AMD Releases AMD-135M, its First Small Language Model. Large language models (LLMs) such as GPT-4 and Llama have attracted a lot of interest in the rapidly changing field of artificial intelligence because to their remarkable skills in natural language synthesis and processing. Small language models (SLMs), on the other hand, are becoming more and more important in the AI model community and provide a special benefit for certain use situations.
AMD is presenting AMD-135M with Speculative Decoding, its very first Small language model. This study shows the dedication to an open strategy to AI, which will promote more inventive, moral, and inclusive technological advancement and guarantee that its advantages are more freely distributed and its difficulties are more cooperatively handled.
AMD-135M Models
The first AMD small language model is AMD-135M
The first Small language model for the Llama family, AMD-135M, was split into two models: AMD-Llama-135M and AMD-Llama-135M-code. It was trained entirely from scratch on AMD Instinct MI250 accelerators using 670B tokens.
Pretraining: Using four MI250 nodes, 670 billion tokens of general data were used to train the AMD-Llama-135M model from scratch over the course of six days.
- AMD-Llama-135M: AMD used 670B general data to train the model from scratch on the MI250 accelerator. Pretraining AMD-Llama-135M on four MI250 nodes, each with four MI250 accelerators (each with eight virtual GPU cards and 64G of RAM), took us six full days.

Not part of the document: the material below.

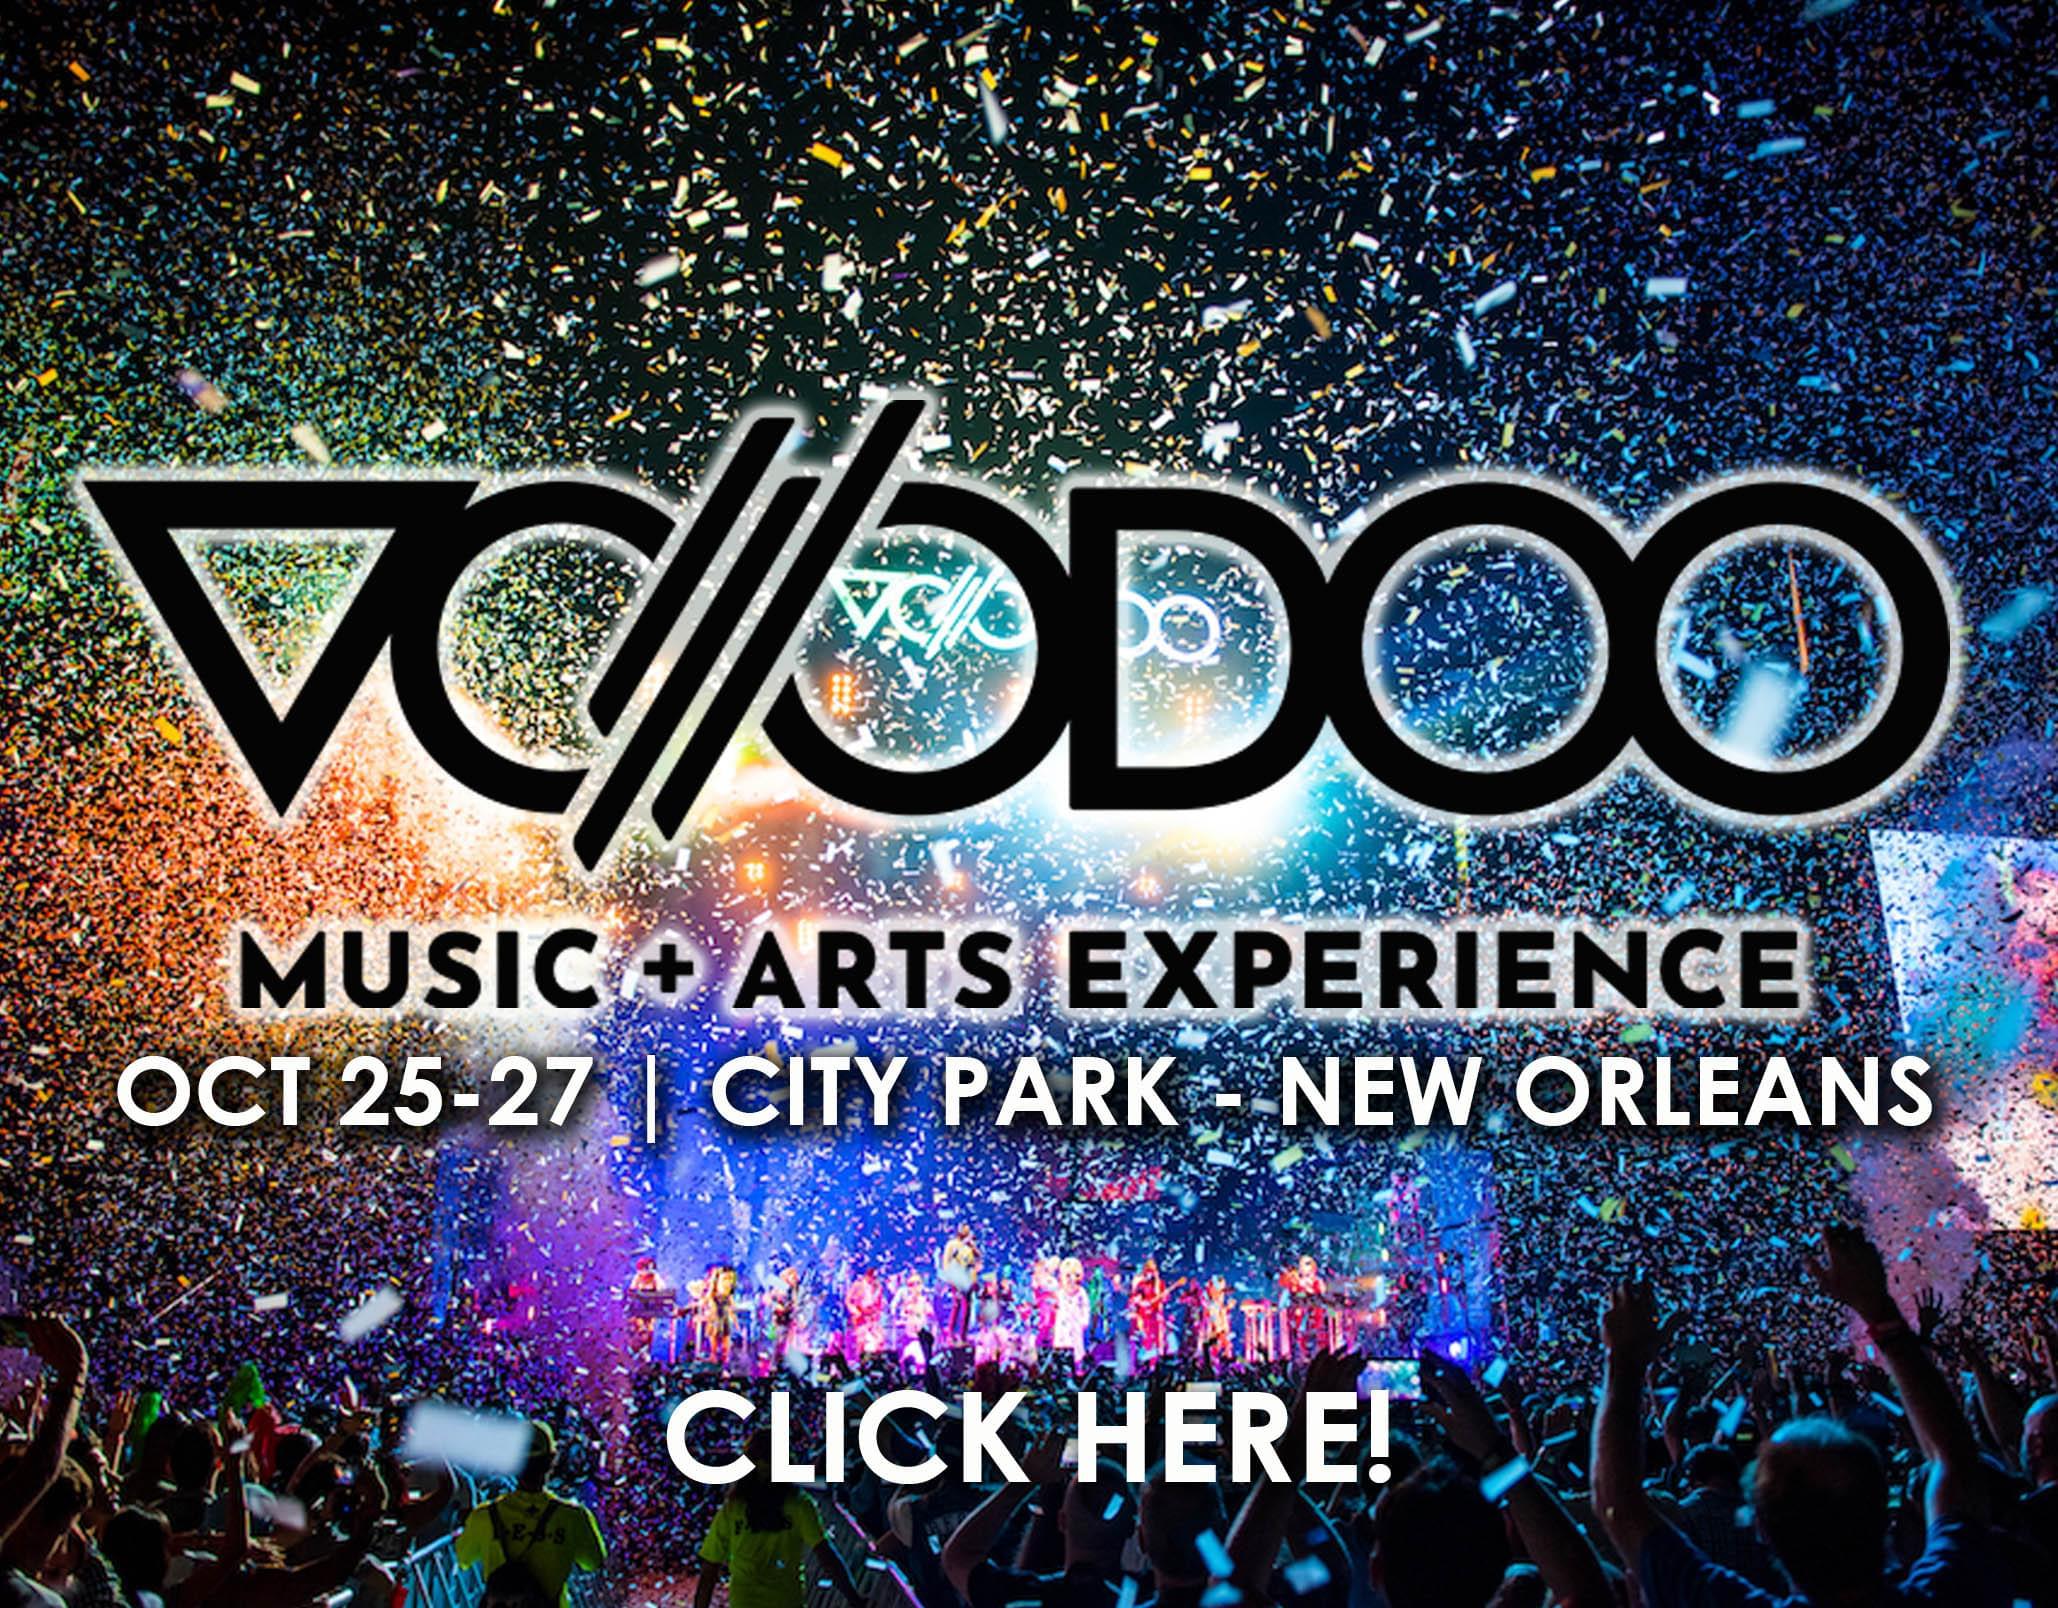 Win Voodoo Music + Arts Experience Passes

Code Finetuning: Using the same hardware, an extra 20 billion tokens of code data were added to the AMD-Llama-135M-code version, which took four days to complete.
- AMD-code Llama-135M: It improved the AMD-Llama-135M further by adding 20B code data tokens to make it more precise and enable a certain code mode. The AMD-Llama-135M-code tuning process required four full days on four MI250 accelerators.
- Code Dataset: To refine the 135M pretrained model, AMD used the Python part of the StarCoder dataset. The StarCoder dataset, which contains data from GitHub Issues, Jupyter notebooks, and GitHub contributions, totals over 250B tokens and consists of 783GB of code spanning 86 programming languages. Specifically, they concentrated on the Python programming language.
To enable developers to replicate the model and assist in training further SLMs and LLMs, the training code, dataset, and weights for this model are made available as open source.
Enhancement using Speculative Decoding
An autoregressive method is usually used for inference in large language models. This method’s primary drawback is that it can only produce one token each forward pass, which has a negative impact on total inference speed and memory access efficiency.
This issue has been resolved with the development of speculative decoding. The primary idea is to build a collection of candidate tokens using a tiny draft model and then validate them with a bigger target model. By generating several tokens on each forward pass without sacrificing performance, this method dramatically lowers the amount of memory access required and enables speed increases of many orders of magnitude.
Acceleration of Inference Performance
It evaluated the inference performance with and without speculative decoding on the MI250 accelerator for data centers and the Ryzen AI processor (with NPU) for AI PCs, using AMD-Llama-135M-code as a draft model for CodeLlama-7b. In comparison to the inference without speculative decoding, it saw speedups on the Instinct MI250 accelerator, Ryzen AI CPU, and Ryzen AI NPU for the specific setups that it evaluated utilizing AMD-Llama-135M-code as the draft model. On certain AMD systems, the AMD-135M SLM provides an end-to-end workflow that includes both training and inferencing.
In summary
AMD-135M SLM creates a complete workflow on AMD GPU accelerators and Ryzen AI processors that includes both training and inferencing. In order to achieve optimal performance in the data center as well as on power-limited edge devices like AI PC, this model helps ensure compliance with developer usability criteria by offering a reference implementation that follows best practices for model construction, pretraining, and deployment on AMD platforms. AMD is committed to providing new models to the open-source community, and it looks forward to seeing what ideas arise from this group.